Painting in general can be a messy situation, especially if you have no idea what you are doing! Painting woodwork is one of those things really better left to the professionals to be honest. But, if you don’t want to hire a house painting contractor in Morristown it’s still a good idea to educate yourself and get a little knowledge before taking on this job. One of the most important things you need to ask yourself before painting wood work is if it really needs it. Some of the painters out there that do this for a living will even tell you that if the paint is good, clean and visible – you might want to not even bother with the woodwork to begin with. In fact, some painters might tell you that leaving it the way it is can add personality and character to a room. On the other hand, if it’s really nicked up, chipped, peeling or you are trying to sell your home – you might consider taking the painting route or like I mentioned before, hiring a house painting contractor and then you can do the walls yourself. It’s totally up to you, but if you want some information on painting wood work, some tips and a little inspiration along the way, continue reading below for more information!
There are of course things you should do and things you shouldn’t do. Let’s start with the DOs and then end with the don’ts!
Do Scrape Wood and Sand Wood In Bad Condition!

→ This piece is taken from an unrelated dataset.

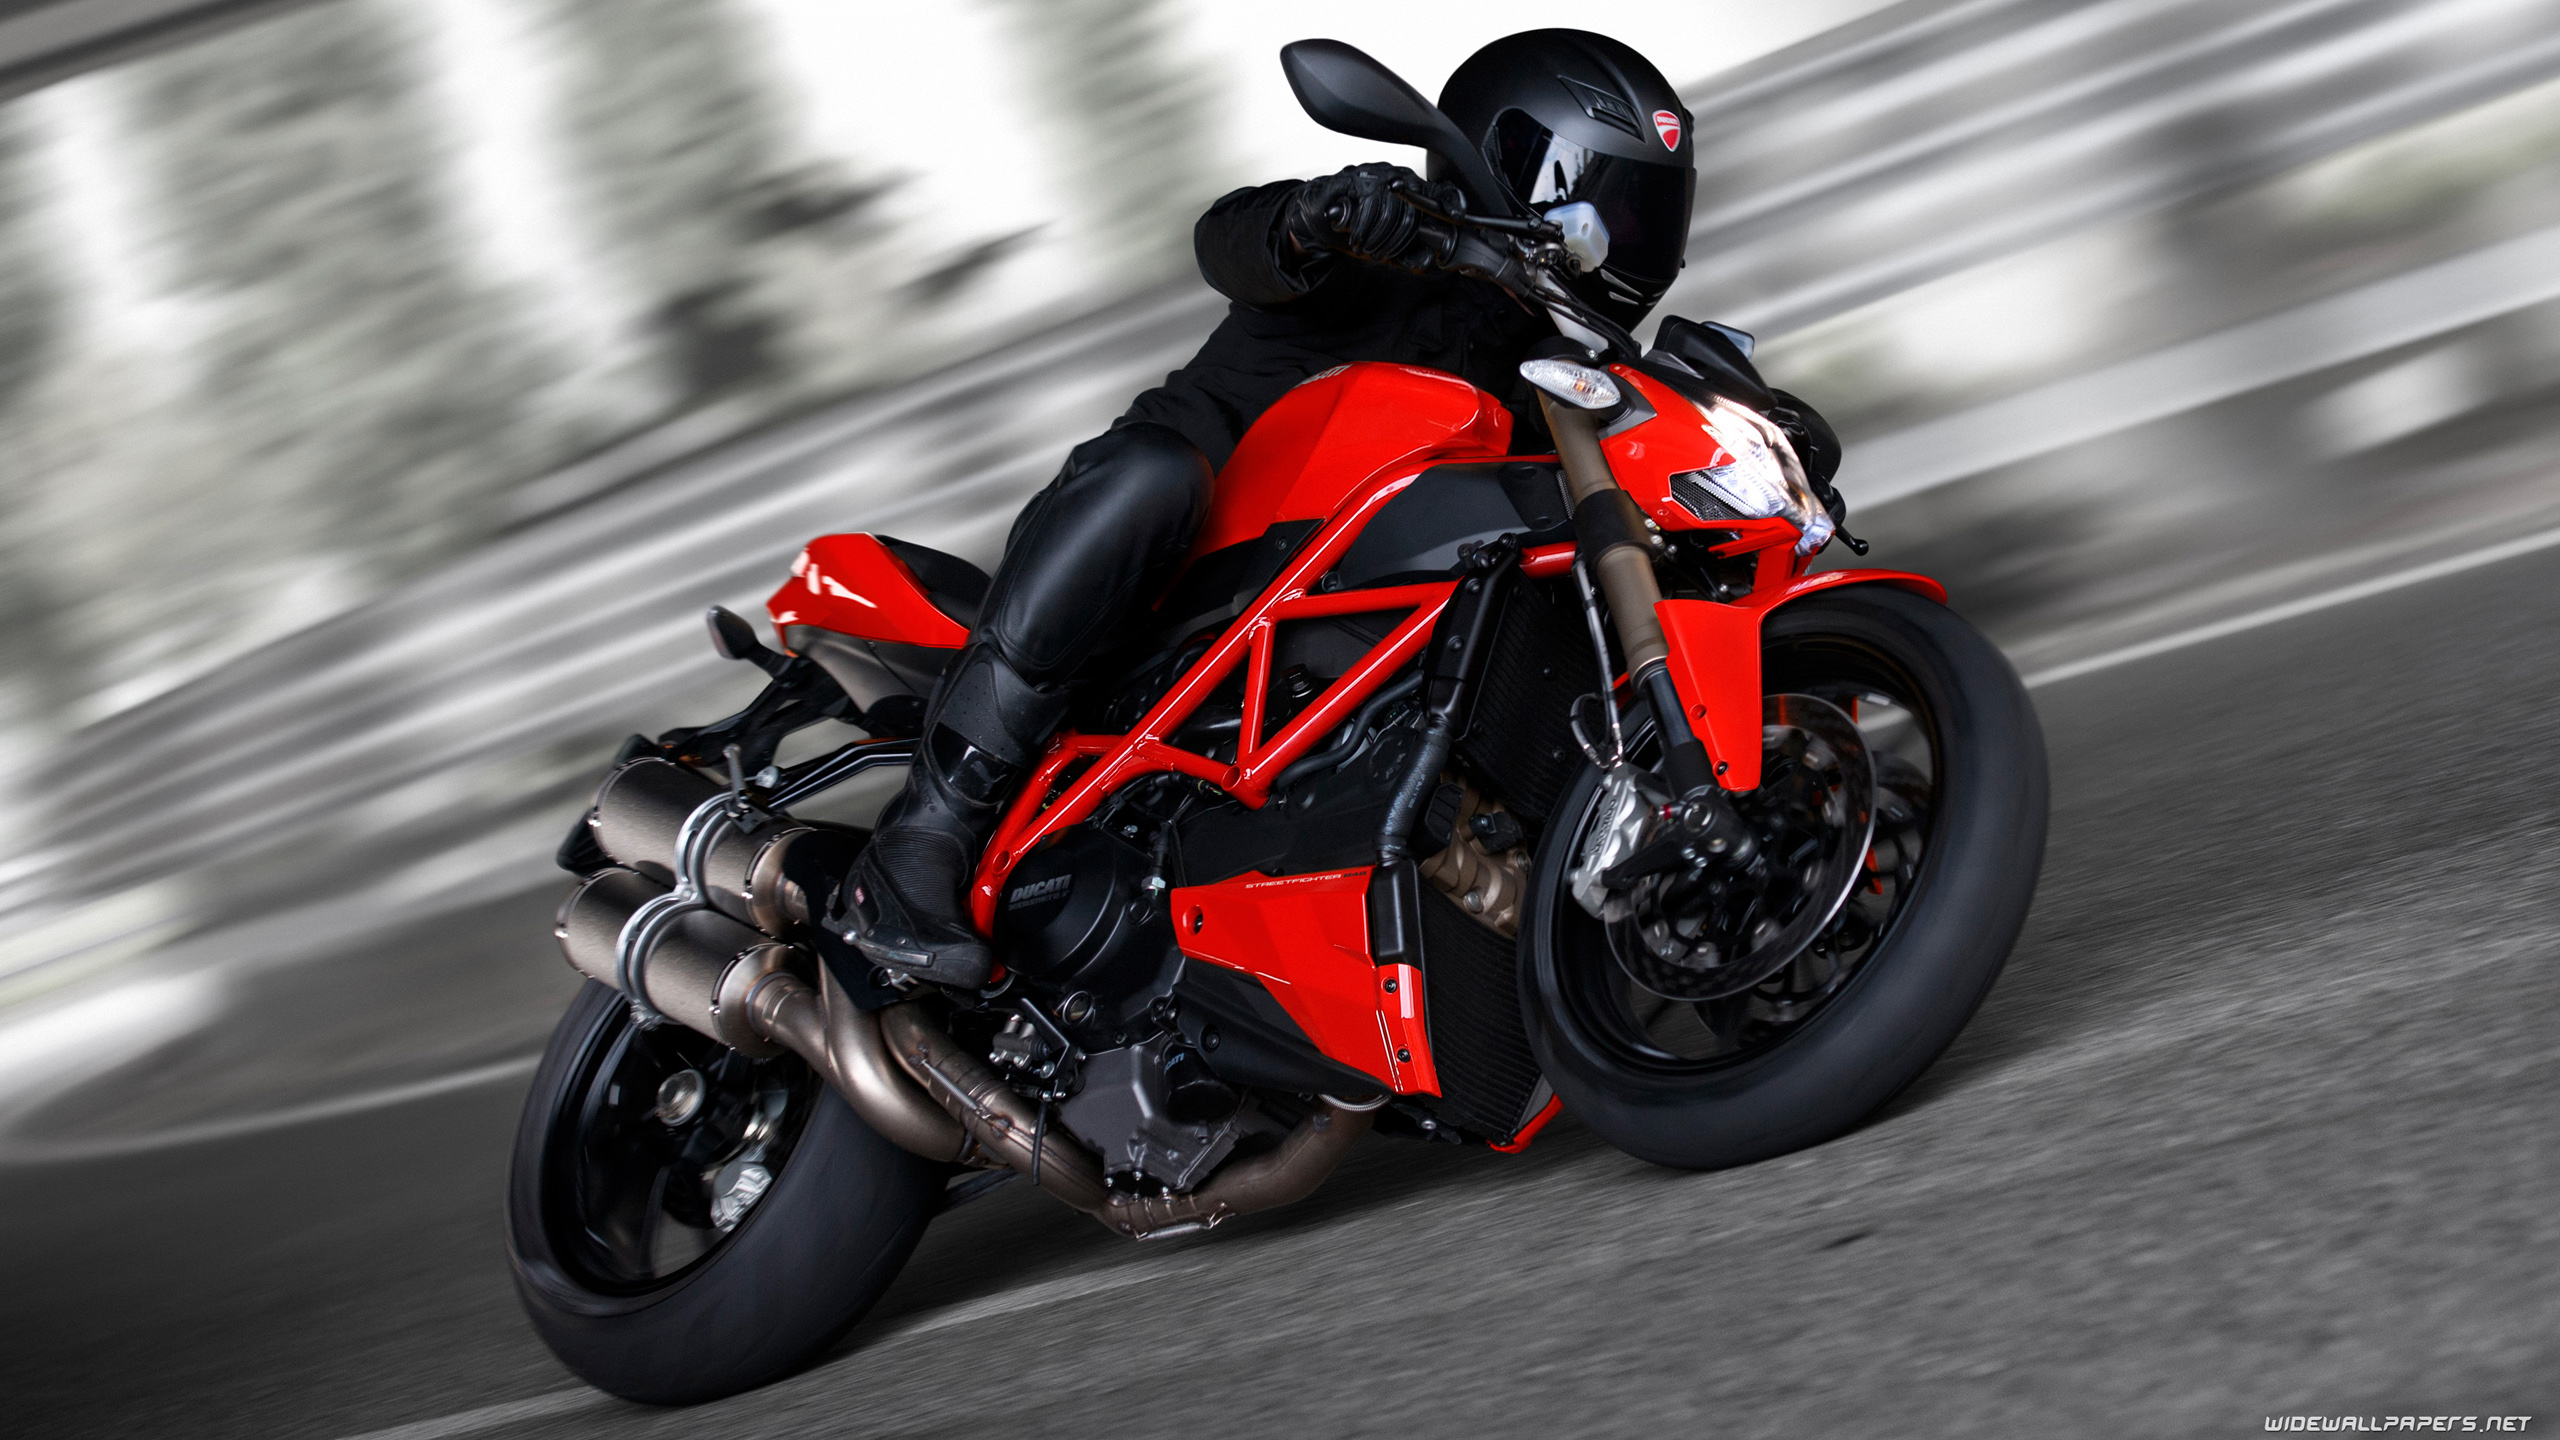 Ducati Streetfighter 848 motorcycle desktop wallpapers 4K Ultra HD

If you have wood work that is less than stellar, before painting it, you absolutely need to scrape off the bad paint and sand the wood. Scraping will be a good option for paint that is bubbling, peeling, blistering or even flaking. It does take some extra time and work – as well as a little elbow grease, but the rewards are endless. One of the biggest reasons you need to scrape old paint away and then sand the wood is because you want a good adhesive chain to be created. Paint won’t stick to old dirty paint, wood or anything else. So if you choose to repaint the wood work, this step is a necessary evil. If you have paint that is peeling – you might be able to just use your fingers. If not, then it’s time to invest in a paint scraper to get all the paint off. You will also need to use a paint sander or individual pieces to get in between the crevices on the wood.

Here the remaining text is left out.